Аннотация:Boiling histotripsy (BH) has emerged in recent years as a HIFU-based method of tissue fractionation. BH utilizes millisecond-long bursts of HIFU shock waves that cause boiling in milliseconds, and the subsequent interaction of the incoming shocks with the lboiling bubble yses the surrounding tissue. The acoustic parameter space for BH has been investigated previously. In particular, the inverse dependence between the HIFU frequency and the dimensions of a BH lesion has been shown for 1, 2, and3 MHz frequencies. It has also been observed that the lowest 1 MHz frequency, that yielded the largest lesions, the treatment has not been as consistent as those generated at 2 MHz and 3 MHz. The hypothesized reason for this effect was stronger cavitation in the prefocal region which shielded the shock waves from penetrating to the focus and causing rapid boiling. The goal of this study was to better understand the effect of HIFU frequency for generating BH lesions within the range of 1-2 MHz by observing the ensuing bubble activity in transparent gel phantoms and ex vivo tissue.
A broadband 12-element HIFU transducer operating in the frequency range of 1-2 MHz with f-number equal to one was used in all experiments (Fig. 1a). BH pulsing schemes at five different frequencies (1, 1.2, 1.5, 1.7 and 2 MHz) and equal number of shocks per pulse were delivered to the optically transparent polyacrylamide gel phantoms to visually observe the cavitation and boiling bubble activity. The exposures were then repeated in ex vivo bovine liver tissue, and the bubble activity was characterized by B-mode ultrasound imaging and passive cavitation detection (PCD). The transducer output power was adjusted for each frequency to result in the same in situ focal peak pressure levels.

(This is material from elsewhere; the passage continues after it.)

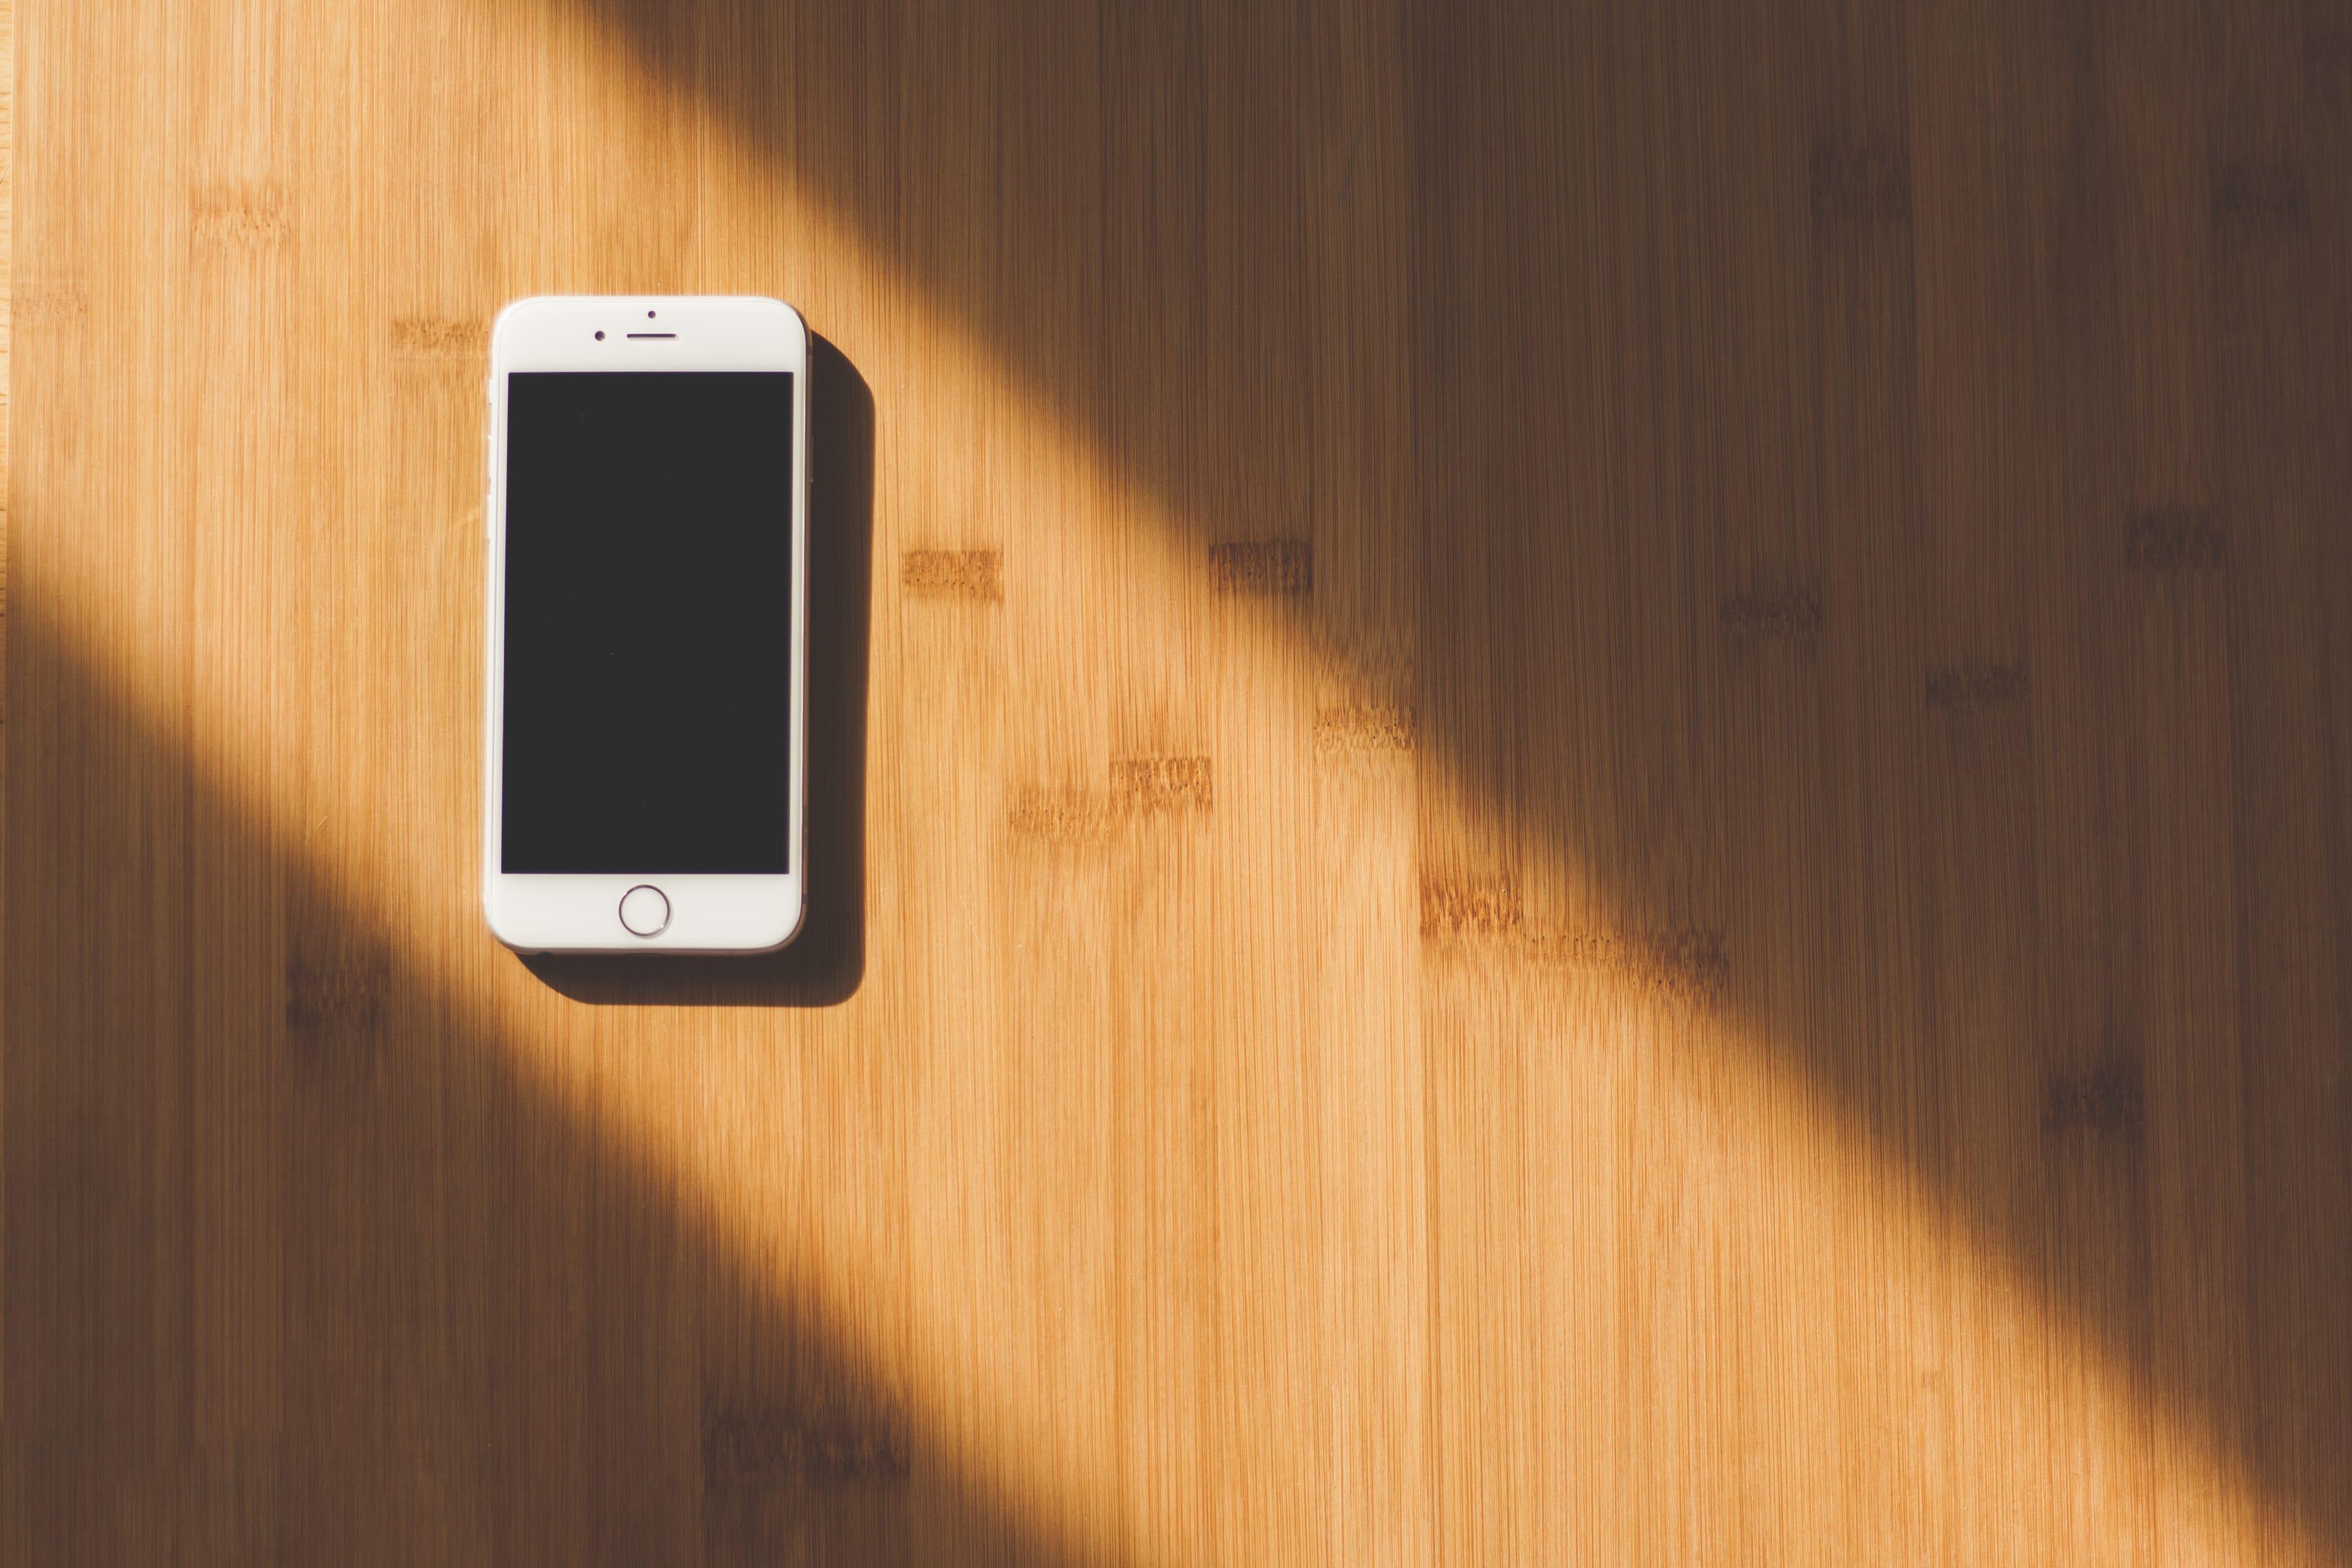 È davvero possibile bloccare un iPhone tramite SMS? Il caso chaiOS.

A cavitation bubble cloud was shown to form prefocally in most exposures in gel phantoms at 1 MHz and 1.2 MHz, but not at 1.5-2 MHz. When the bubble cloud formed, millisecond boiling was not observed for each pulse. In ex vivo experiments, the liquefied lesions did not form in some of the exposures at 1-1.2 MHz. In these exposures, strong broadband emissions were registered by the PCD immediately as the first pulse was delivered, suggesting strong prefocal cavitation, although not sufficient to generate mechanical tissue fragmentation. Conversely, at 1.5-2 MHz the strong broadband emissions started after a few milliseconds of exposure, i.e. after boiling had started. The inverse dependence of the resulting liquefied lesion size on frequency was also confirmed.

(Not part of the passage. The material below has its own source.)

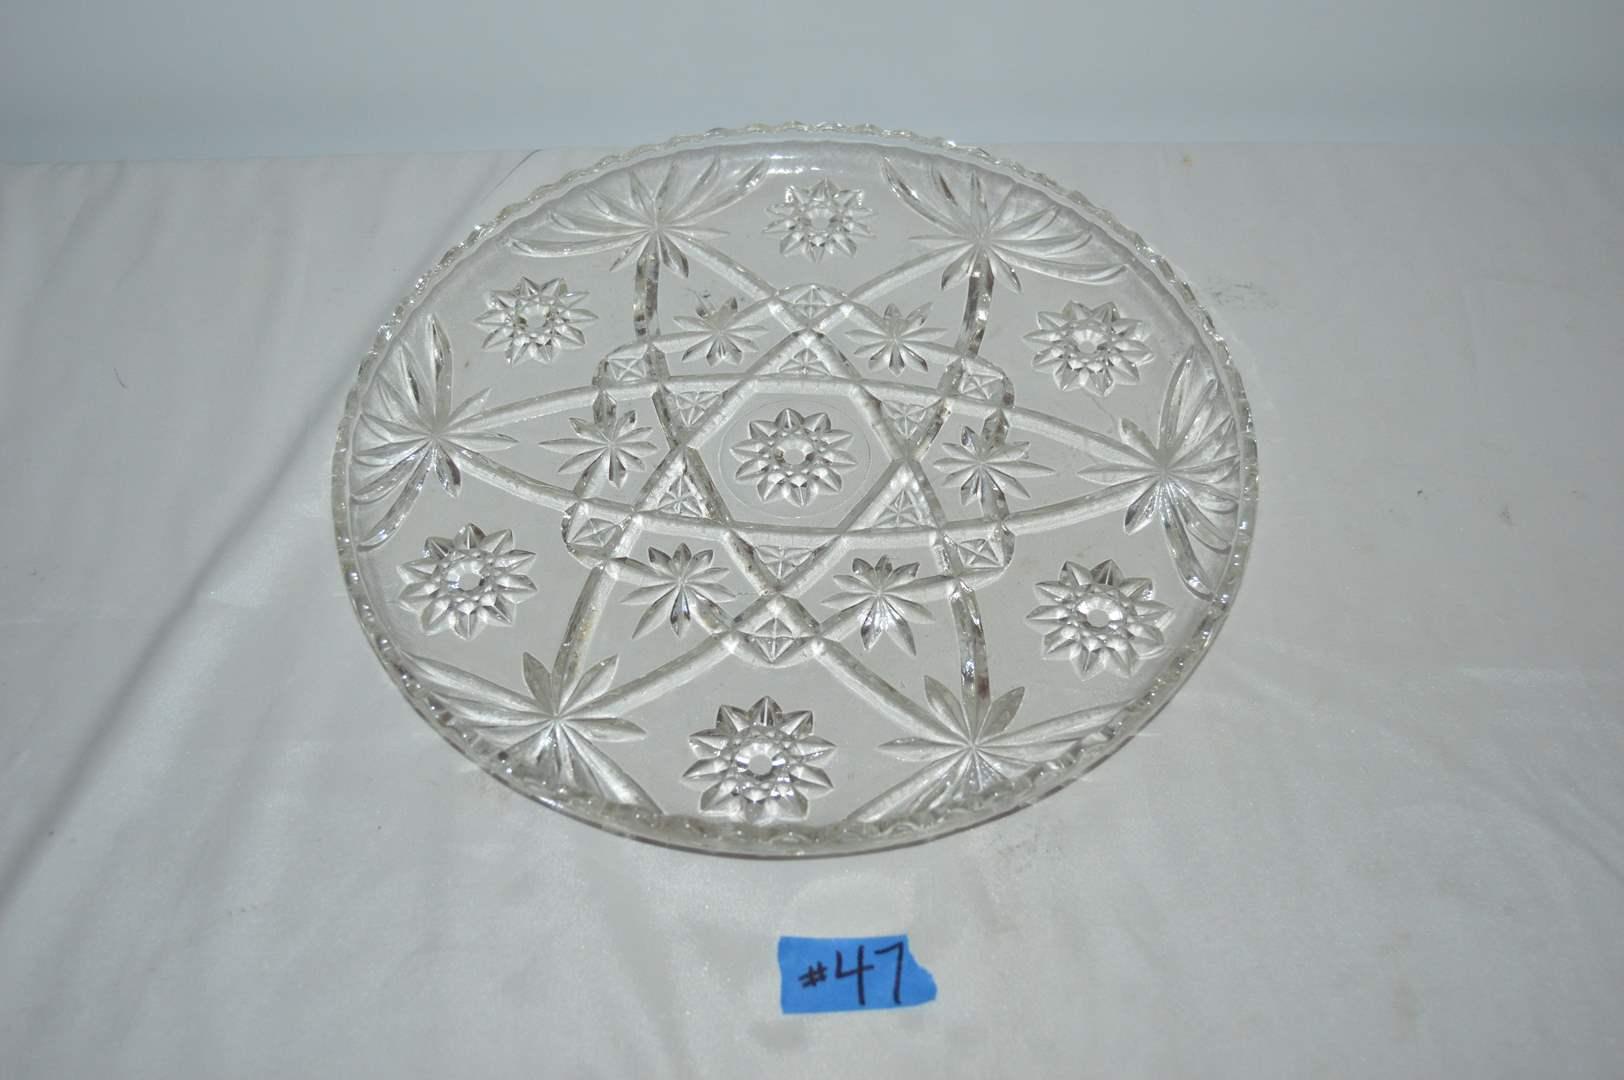 Lot # 47 Vintage large cut glass star serving platter (main image)

The observations reported herein indicate that 1.5-1.7 MHz frequency range may be more suitable to utilize BH mechanism of tissue fractionation. At these frequencies, the peak negative pressure in the prefocal area appears to be below the cavitation threshold in gel and ex vivo tissue samples while shock amplitude is sufficienly high to induce boiling withi each millisecond-long pulse In addition, the lesion size is larger, and the intervening tissue attenuation is lower enabling deeper penetration depth in tissue than those at 2 MHz and higher frequencies. This work was supported by NIH EB7643 and K01 EB 015745.